Entire libraries' worth of books and studies have been published since 9/11 exploring what allows terrorist groups to take root in Muslim communities. Evidently, the Pentagon feels it's no closer to understanding the central strategic problem it's facing. So it's essentially going back to school -- and deputizing college professors to teach the military about the root causes of terrorism.
Remember the Minerva Project? It's a Robert Gates-era initiative to marshal university scholarship for topics of concern to the military. Through the coin of the academic realm -- six-figure research grants -- the Pentagon thought it bridge its cultural divide with higher learning and gain itself some scholastic rigor.

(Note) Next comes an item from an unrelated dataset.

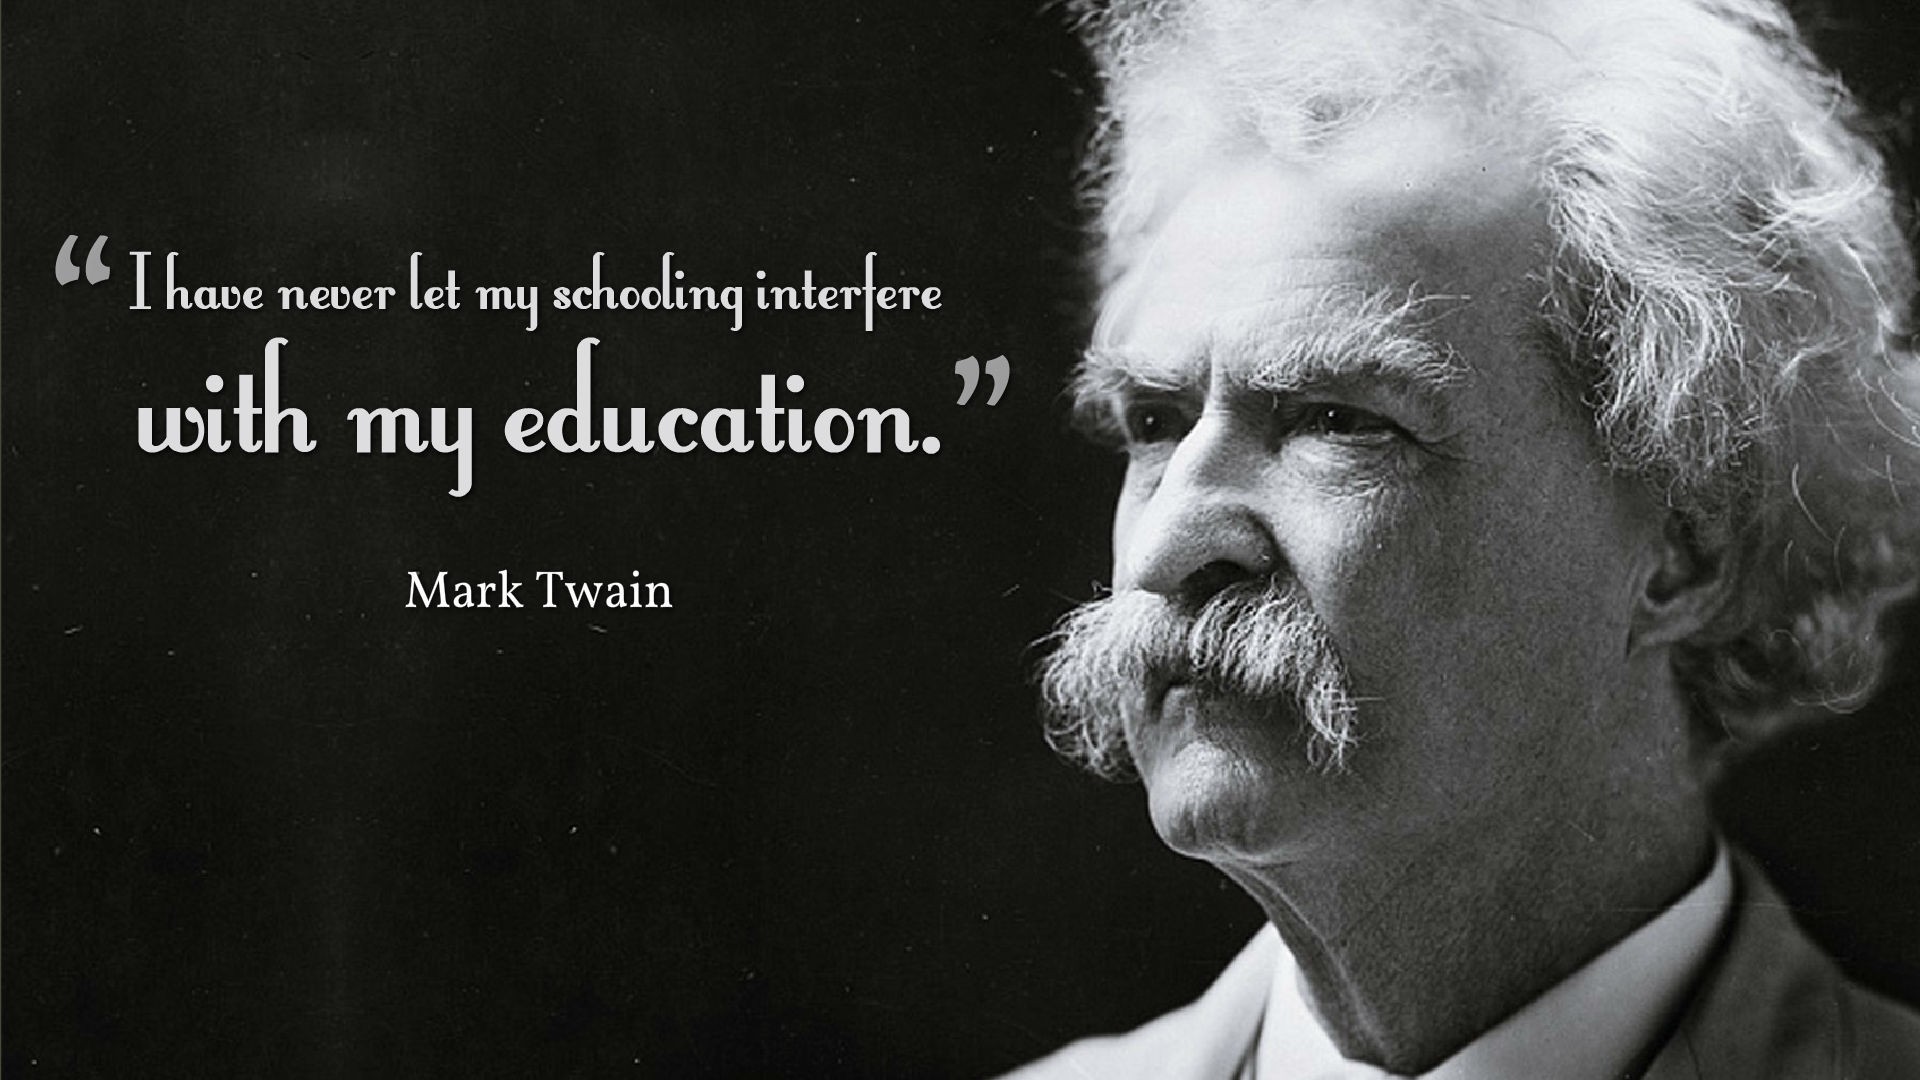 Free download Mark Twain Education Schooling Quotes Wallpaper 10768

Some on campus turned up their noses; others took the cash for studies on Iraqi attitudes on the U.S. waror "Emotion and Intergroup Relations."
But a new round of Minerva solicitations (.pdf), recently announced, asks academics to send the military back to summer school on terrorism.

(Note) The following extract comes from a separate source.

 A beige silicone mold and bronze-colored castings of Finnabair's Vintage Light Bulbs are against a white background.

One area of Minerva research available to academics sets for itself the admirably ambitious goal of understanding "the implications of trends in religious and cultural life in the Islamic world." That means unraveling the "relationships amongst social, cultural, political, religious and economic factors that interact to foster political violence, terrorism or insurgent behavior." Be sure to look at "the relationship between religious ideologies and the behavior of sub or trans-state actors bound by ethnic, tribal, and regional identities.
Not a bad topic of study, if broad. It sounds a bit like the Human Terrain System, an Army effort to marshal social science to understand the Iraqi and Afghan peoples, though the Minerva project wouldn't really involve fieldwork. Still, not exactly a vote of confidence in the troubled system's product. And in any event, the military is lousy with papers, studies, analyses and PowerPoints about the roots of terrorism. They just don't seem to have been worth all that much.
But maybe that shouldn't be surprising. During the early post-9/11 years, the military was completely complacent with its inability to understand Arabic. A one-line "snowflake" memo from Defense Secretary Donald Rumsfeld to his top deputies in July 2003 mused, "I think we have to get more retired American military who speak Arabic into Iraq, helping our people." (.pdf) Robert Kaplan calculates that it took Rumsfeld four years to add 1,400 Arabic speakers to the military -- for a total of merely 5,700.
Even more facepalm-worthy is a desired study of "Terrorism and Terrorist Ideologies." Help the Pentagon understand how terrorist groups glom on to existing social, political or economic unrest and massage their ideologies to seem in harmony with those material grievances. Make sure to study "the role of both traditional communication mechanisms and new media technologies, including social media, in terrorist recruitment, radicalization, and de-radicalization, including radicalization of domestic populations." To paraphrase Adam Sandler: once again, things that could have been brought to the Pentagon's attention yesterday.
That's not to say Minerva isn't soliciting some useful studies. One Minerva offering would comb through Chinese publications to understand Beijing's newest investments in science and technology. Another wants to understand why some dictators (read: Arab autocrats) are susceptible to popular uprisings and others aren't. That's particularly salient given the failures of expensive Pentagon prediction models and U.S. intelligence to anticipate the Arab Spring.
On the other hand, hasn't the military ever read an academic paper? Does the proliferation of useless jargon and fashionable academic rejection of clear courses of action not serve as a deterrent to Minerva? Here, I'll give the Department a preview, free of charge, of what every academic paper Minerva solicits will say: it's complicated.
But still. Defense Secretary Leon Panetta has all but closed the door on the age of terrorism. Is it going to take until al-Qaida is a dated relic before the Pentagon begins to understand what (briefly) made it a potent force?